Once the big color relations have been established, I try to bind these together in the ‘unity of the light’ which pervades them. This requires a good deal of going back and forth, slightly changing the tones that are out of harmony. I do not repaint such tones but I jab other colors into them until I have swayed them into harmony. This procedure ensures color vibration within the masses and engenders luminosity.

Carlson, American Artist Magazine, Dec. 1942 [special thanks to John Potashnick for posting this online].
Judith Reeve, Mixing the lighteners on the right of palette and adding them to the dune color and values on the left.

Every time I set up to paint on this trip, I first established the color of the light enveloping the scene. I then, mixed this color on my palette in two values: a very light value (with much white added) to lighten my higher tones; and a middle value to lighten my darks (this color also indicates the color of the reflected light from the sky onto the ground forms).

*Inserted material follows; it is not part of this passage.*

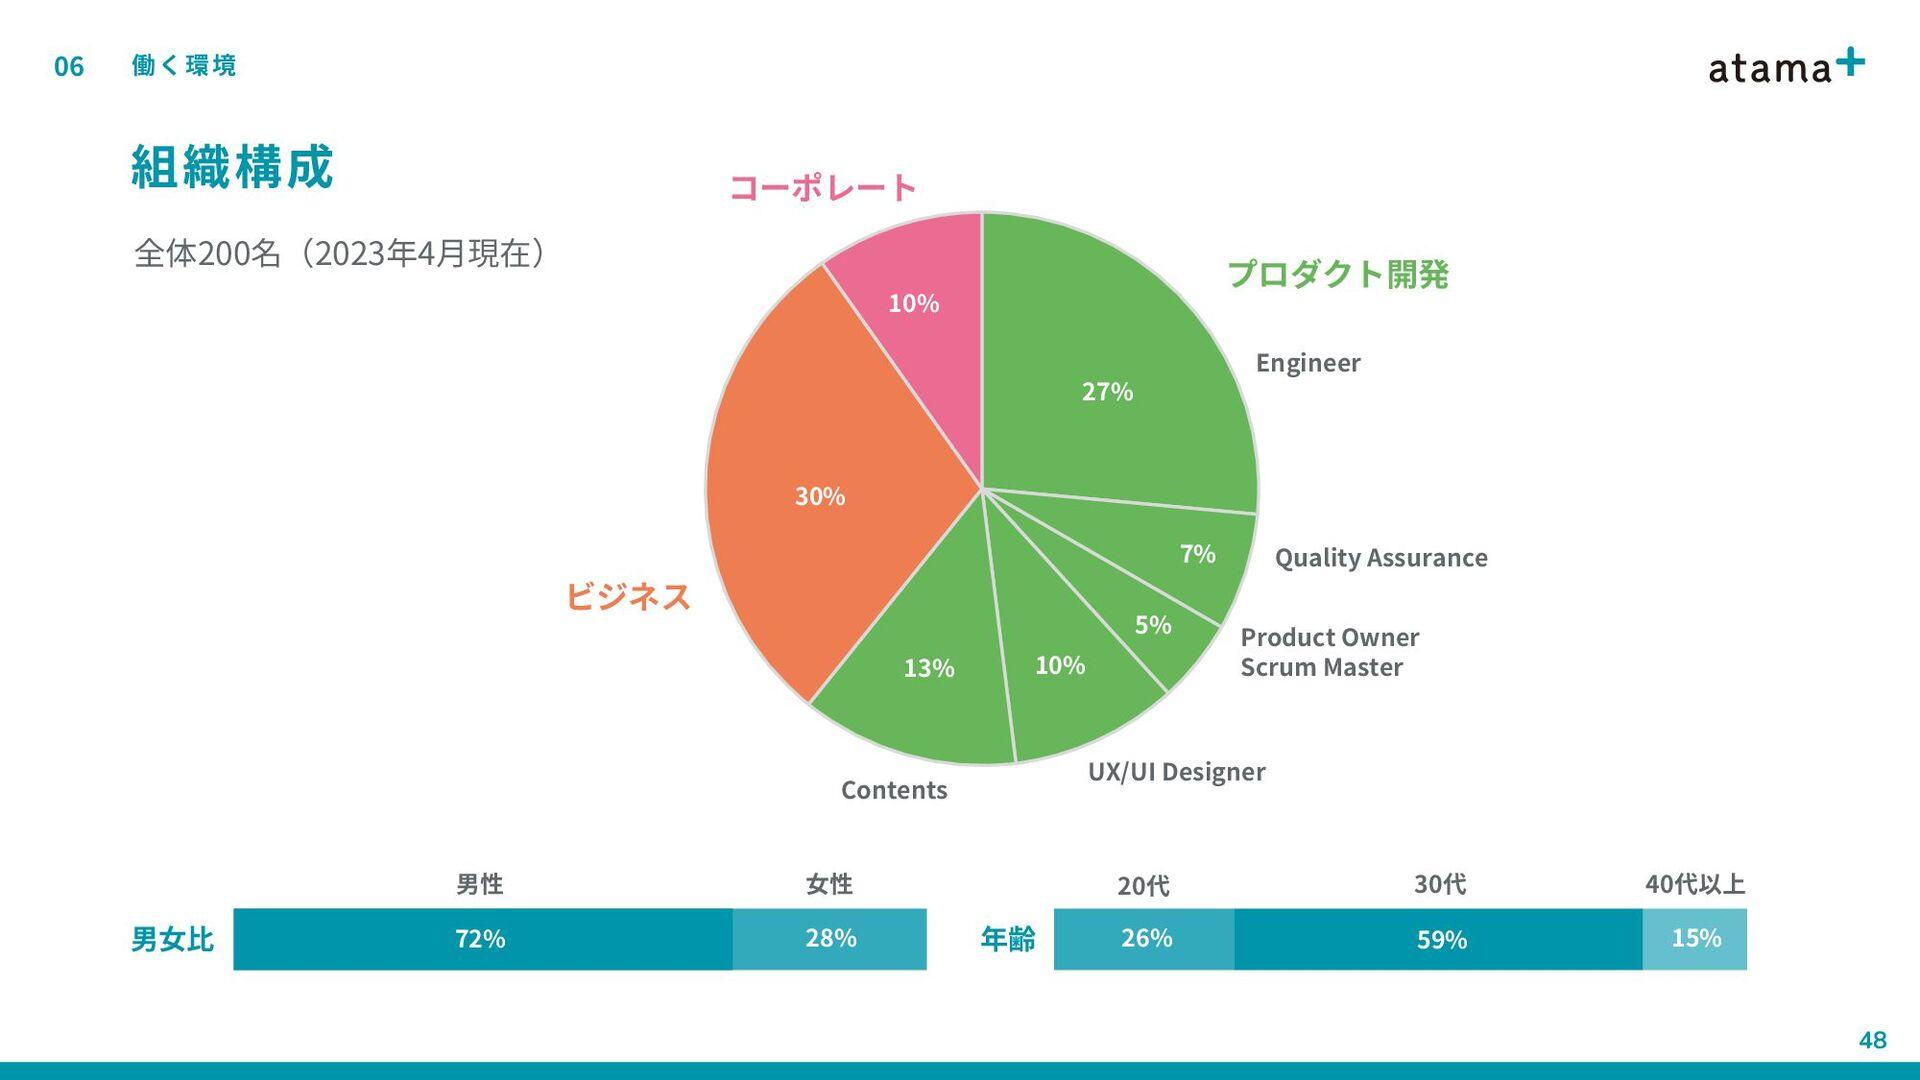 atama+ culture code 03 大切にしていること atama+ culture...

I found this particularly invaluable when painting such a large and open space as the dunes and sea where the atmosphere dominates. My images were painted in July on some very hot days, so my lighteners ranged from blue to blue-violet to violet depending on the time of day and the cloud cover. I found these experiments very satisfactory. I hope you enjoy my images.

Judith Reeve, Painting the dune cliffs in Truro.

Author: Judith Reeve

For nearly 30 years I've developed my painting practice in the studio, building on what I leaned from my student days at the Lyme Academy of Fine Art. Along with my daily journey creating images which I write about here on this blog, I am also currently writing a book on the color practice of Robert Henri.

One thought on “On the Shores of Cape Cod”

  1. wonderful post. You make it so clear why it’s important for an artist to travel. The paintings are beautiful! Your work has such a fine tuned sense of the it’s own particular light.